Um Hannes Anders ein wenig Zeit zugeben, seinen Urlaub für uns aufzuarbeiten kann ich ja hier ein wenig über meinen Urlaub berichten. Dabei war er alles andere als spektakulär. Dänemark ist ja auch nicht richtig berühmt für Sensationen, erst recht nicht Alsen.
Abgesehen von ein paar Ausflügen haben wir in erster Linie die Natur und die Ruhe genossen. Die Ausflüge führten uns zum Schloß Augustenborg (mit Skulpturengarten) und in die Metropole der Halbinsel Sonderborg (mit Schloß) sowie zu einigen alten Kirchen und Mühlen.

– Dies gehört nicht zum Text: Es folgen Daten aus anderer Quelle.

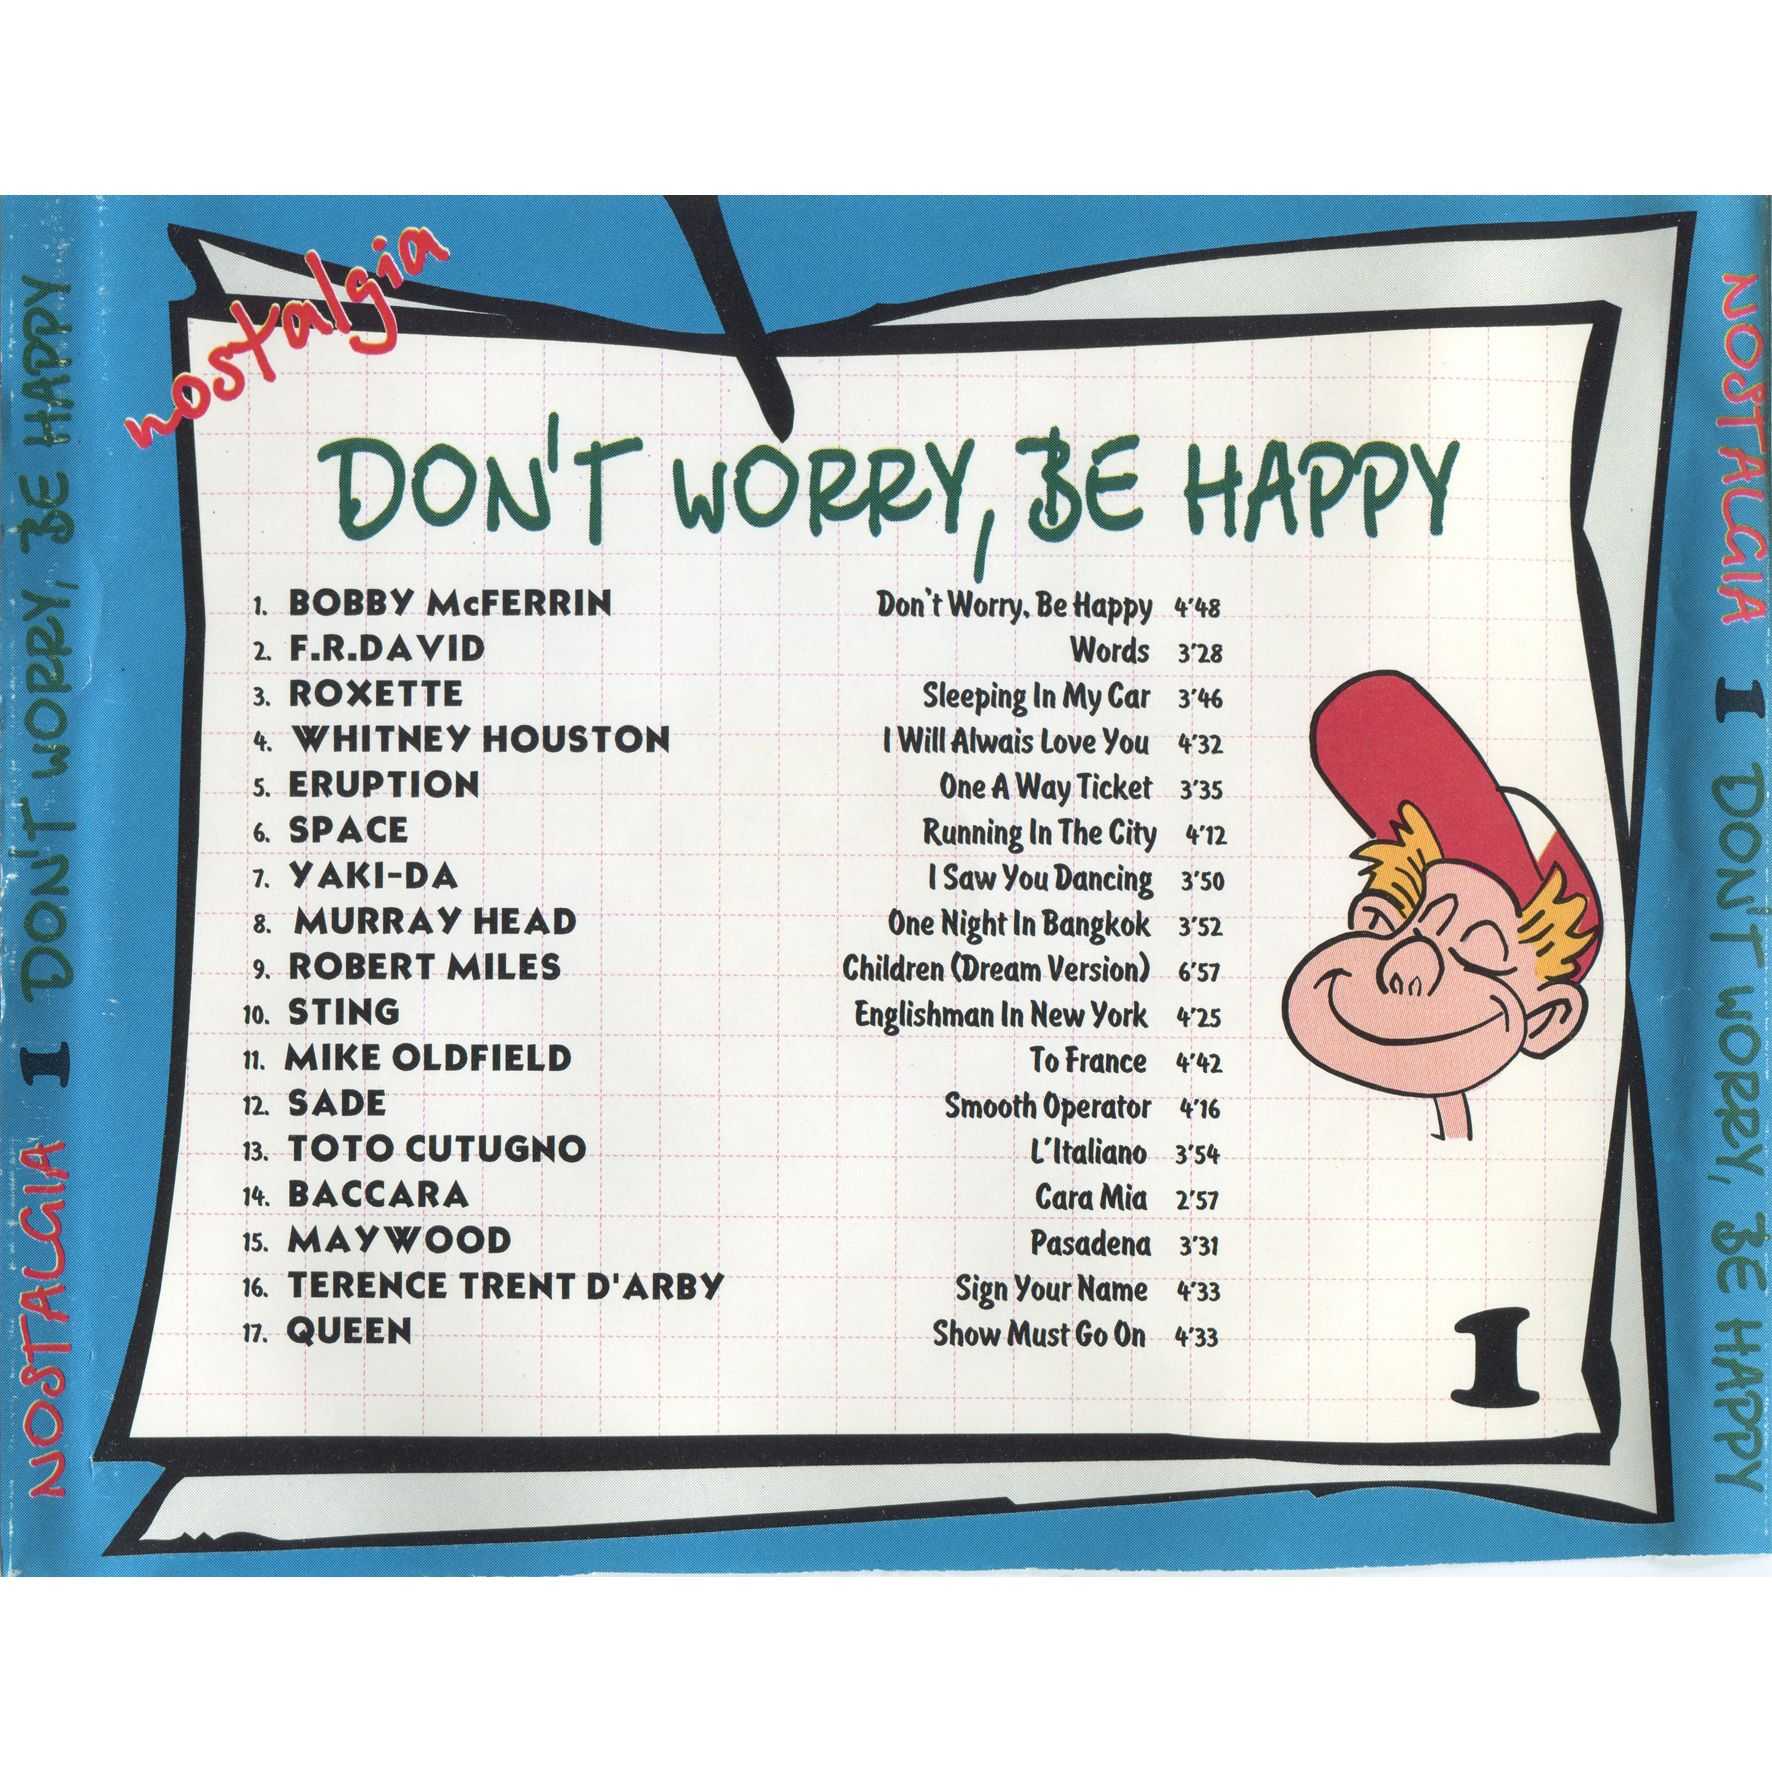 Don worry be happy на русском. Don t worry be Happy текст. Донт вори би Хэппи текст. Don`t worry be Happy перевод. Don't worry текст.
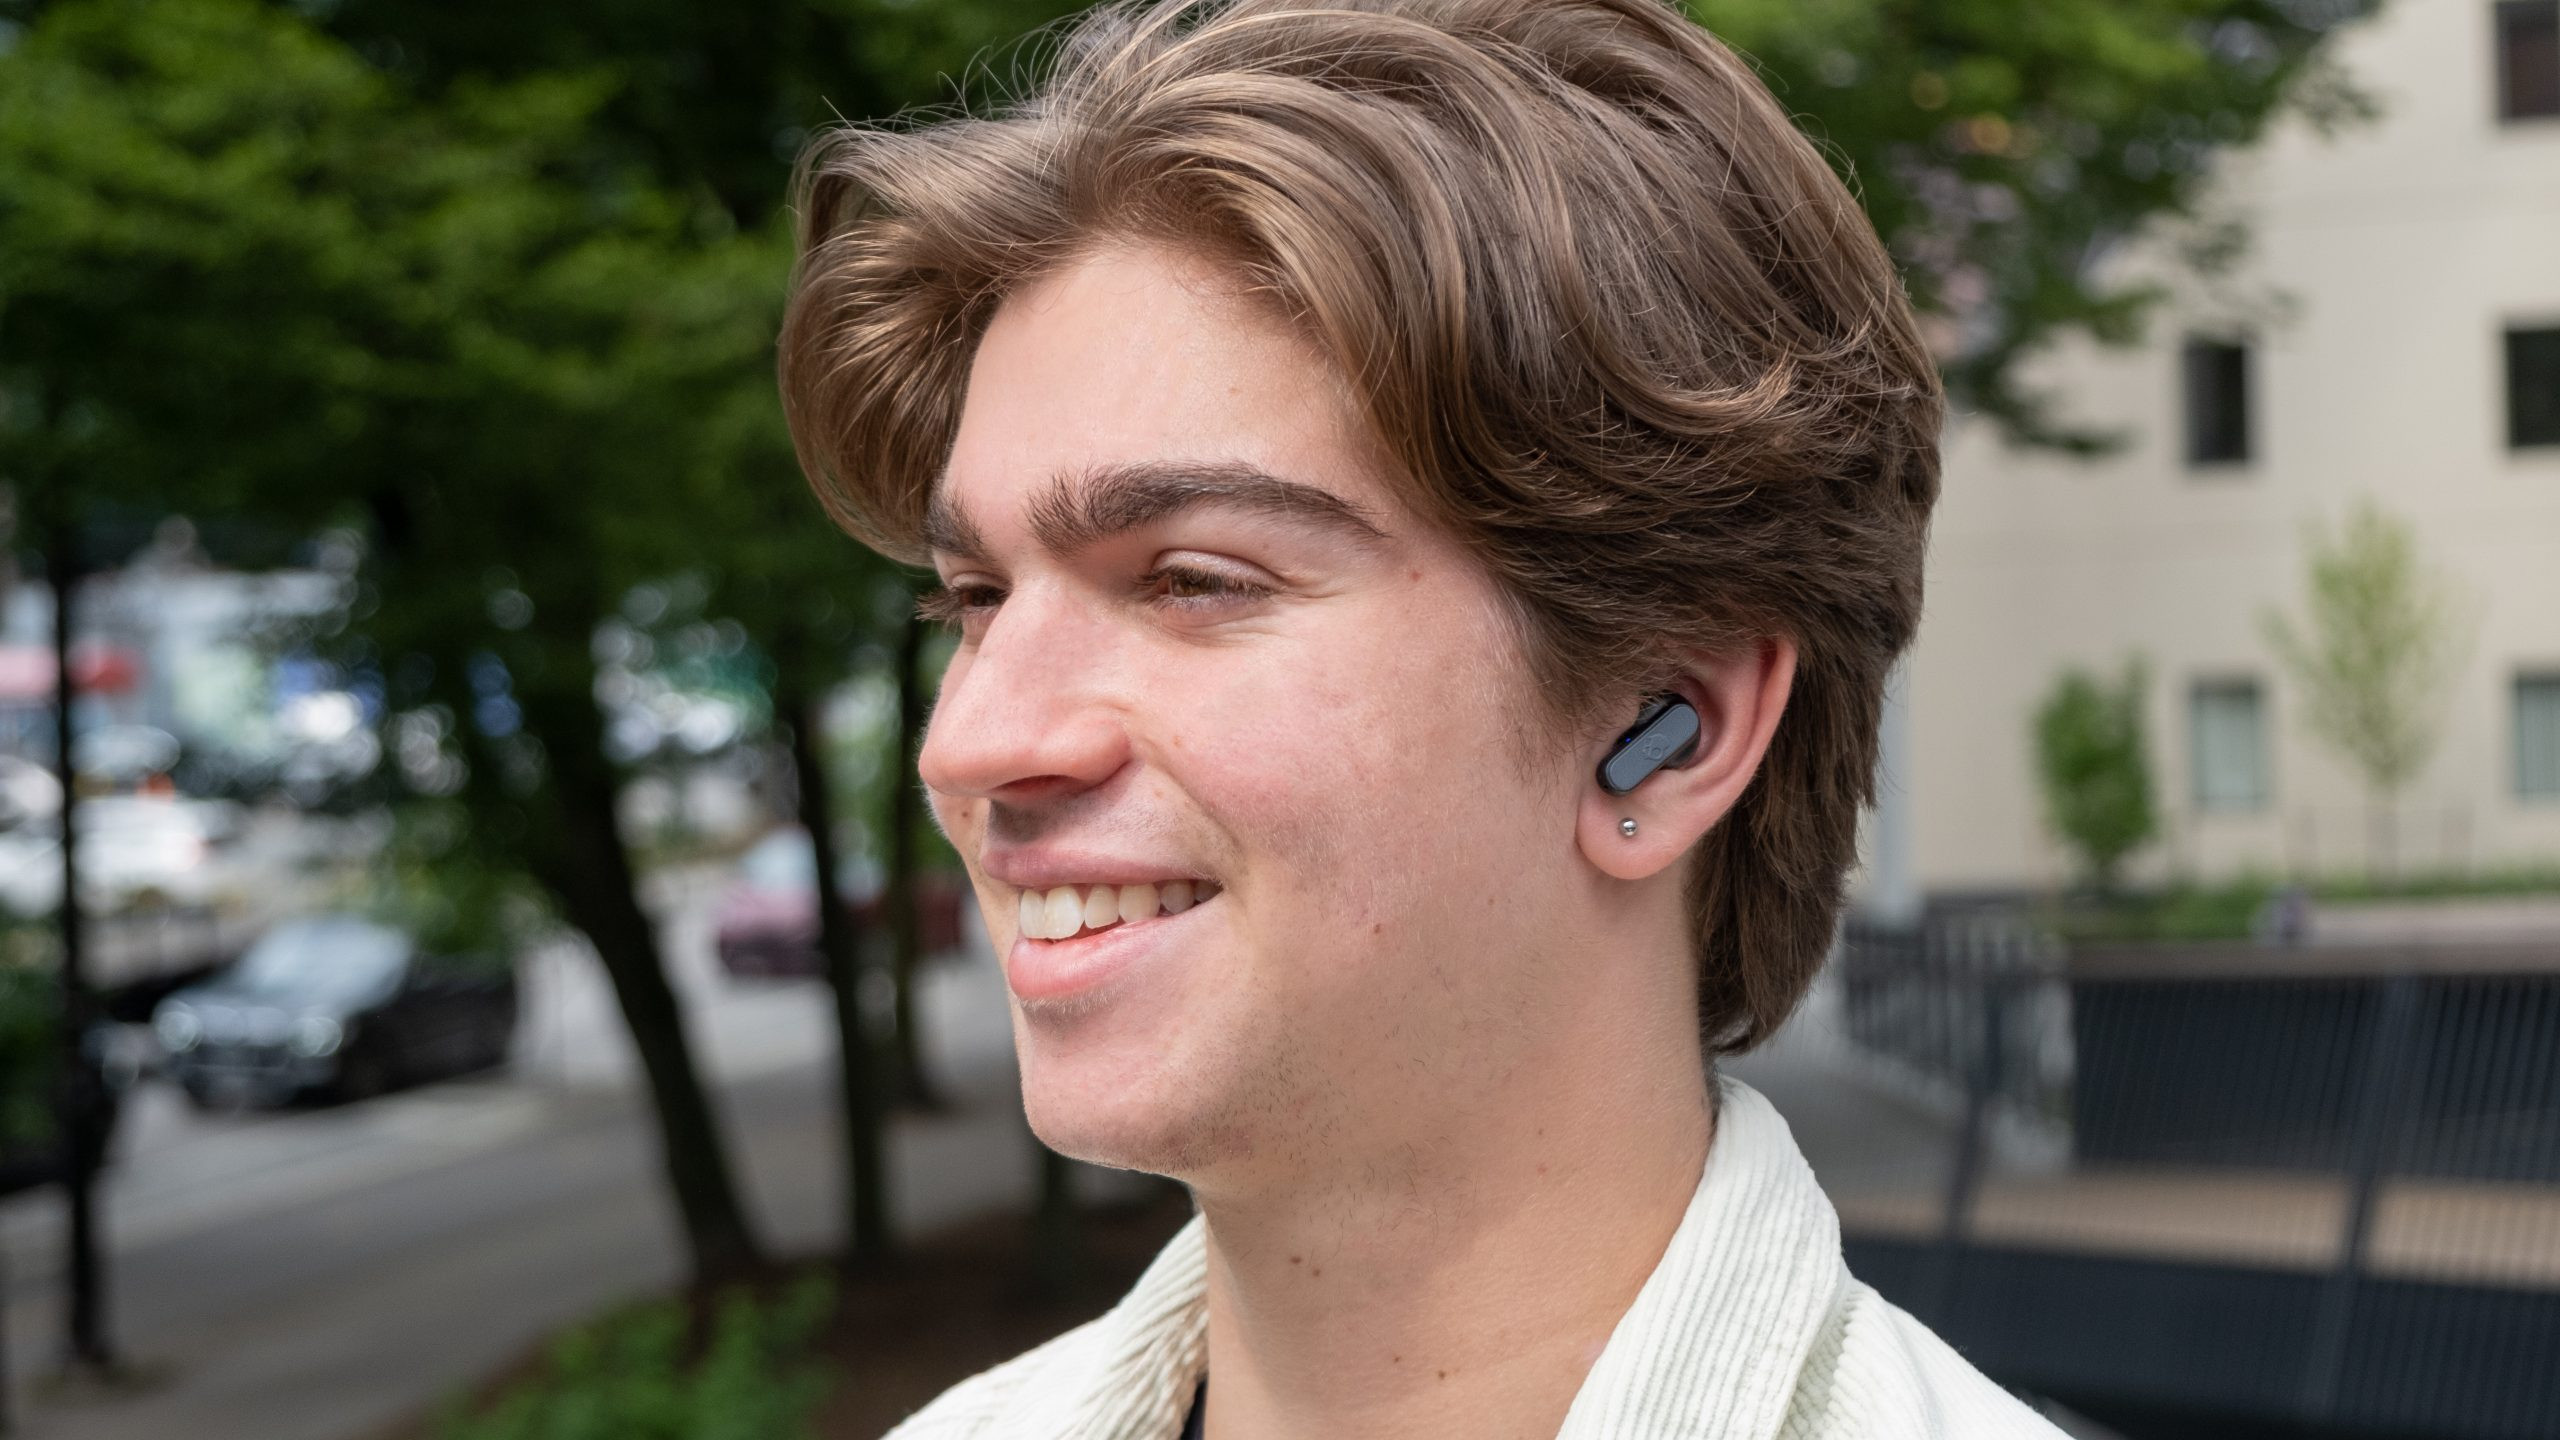 A man faces left smiling while wearing the Skullcandy Dime 2 with trees and a street in the background.

Die meiste Zeit saßen wir auf der Veranda und starrten auf die Hektik in der Pferdeweide vorm Haus oder haben am Strand des Meer mit Bällen beworfen, die Paula dann immer gerettet hat.
Trotz der Pfingstferien und eines Campingplatzes in der Nähe war der Strand meist menschenleer. (Sind Campingwagen eigentlich so diebstahlgefärdet, dass diese naturverbundenen Menschen immer in Sichtweite des Campers bleiben müssen?) Unser Haus war das letzte von sieben und wurde als einziges vermietet. Lediglich unser direkter Nachbar war mehr als einmal an seinem Haus.
Bis auf die mittelschwere Panik, die Paula ergiff, als sie die Skulptur auf dem Foto zum ersten Mal sah, war es ein sehr unaufgeregter Urlaub.